The discussion in this paper has attempted to introduce another way to look for the key sectors in the world economy. Applying the method based on the AI and VI, we identified the sectors that could be considered as key, or the major, industries in the world economy in the period from 1995 to 2011. In short, these measurements are defined as:

  • Amplification Index, AI, is used to measure the total influence that a sector could affect to other sectors in a long time.

  • Vulnerability Index, VI, is, on the other hand, a cumulative impact that a sector could receive from other sectors in a period of time.

Using of the two methods heavily depends on the value of the trade-off parameter \(\alpha \).
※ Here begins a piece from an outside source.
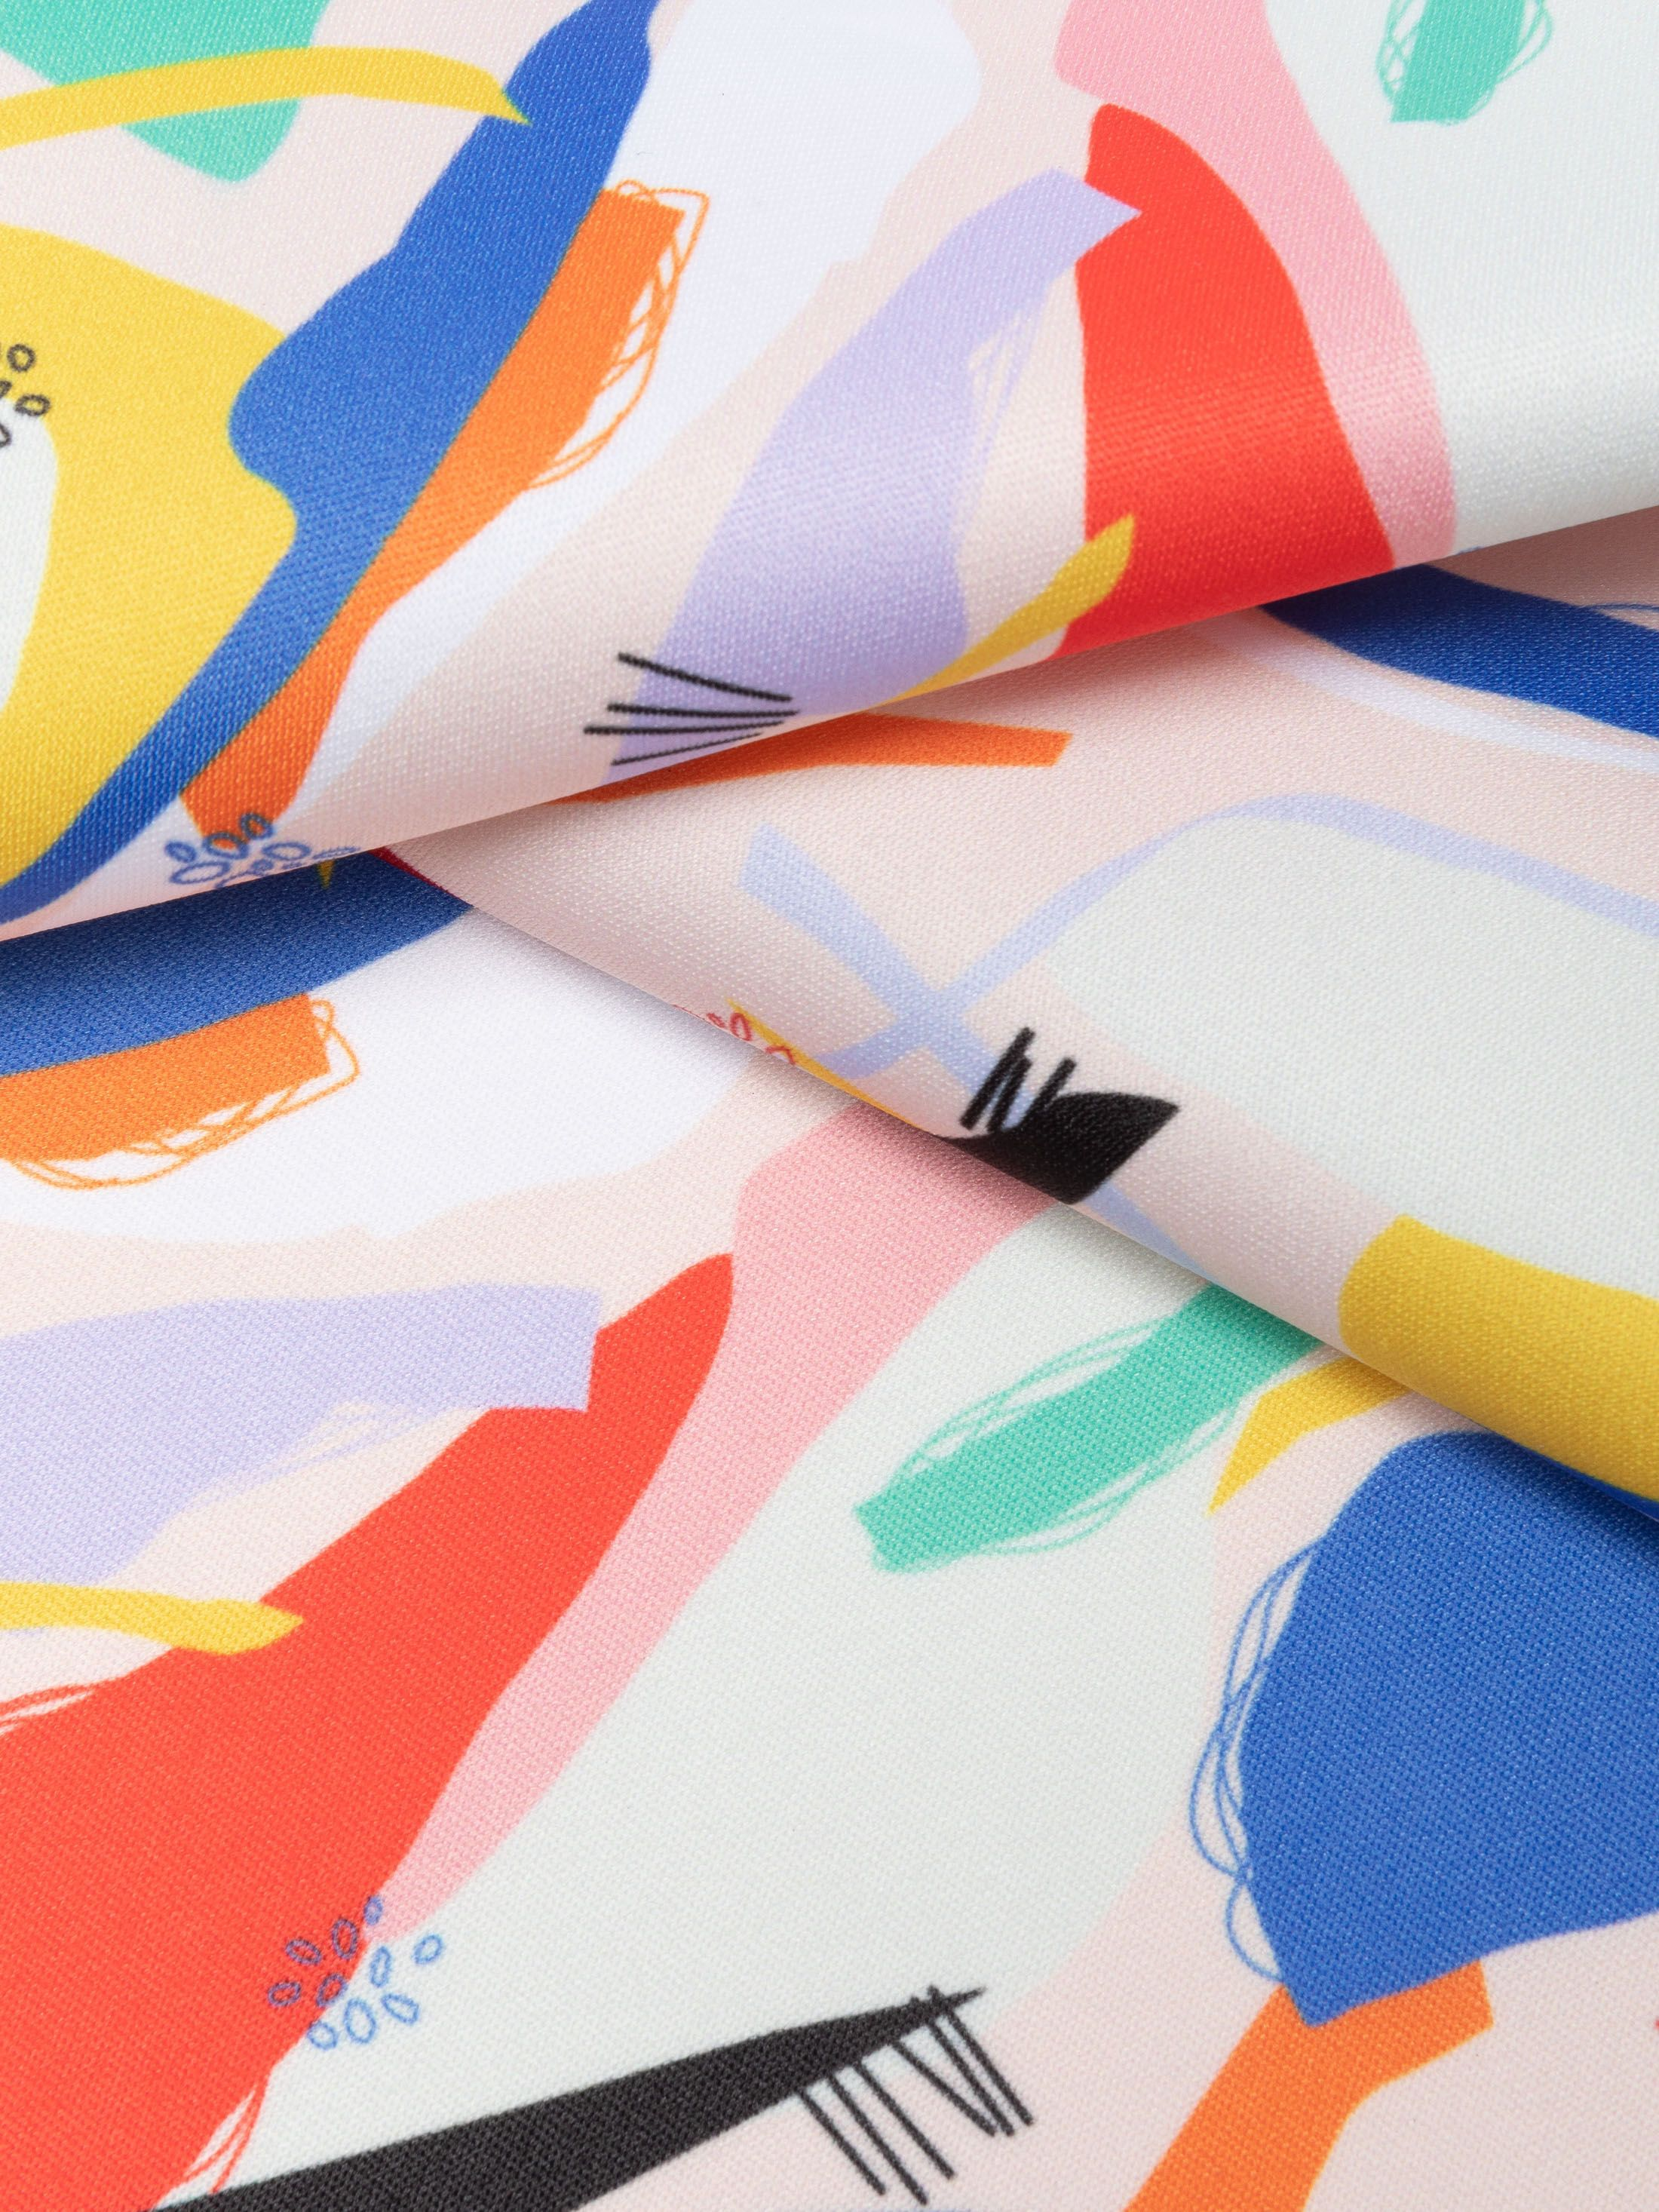 Monroe Satijn met gepersonaliseerde print rand opties

The value of \(\alpha \) determines how far influence could be spread through the network. The higher value of \(\alpha \), the further nodes that impact could reach to. If \(\alpha \) is chosen correctly according to the considering economy and the research scale of the economists, AI and VI might be the useful measurements for the economist to evaluate the influence of the key sectors in that economy.

Since there are some traditional ways to analyze key sectors in the economy such as finding Forward links and Backward links, these introduced methods may be contributed to the policy makers’ toolkit to help them in analyzing the economy easily, and also preparing and recovering from adverse shocks that disrupt the production chains.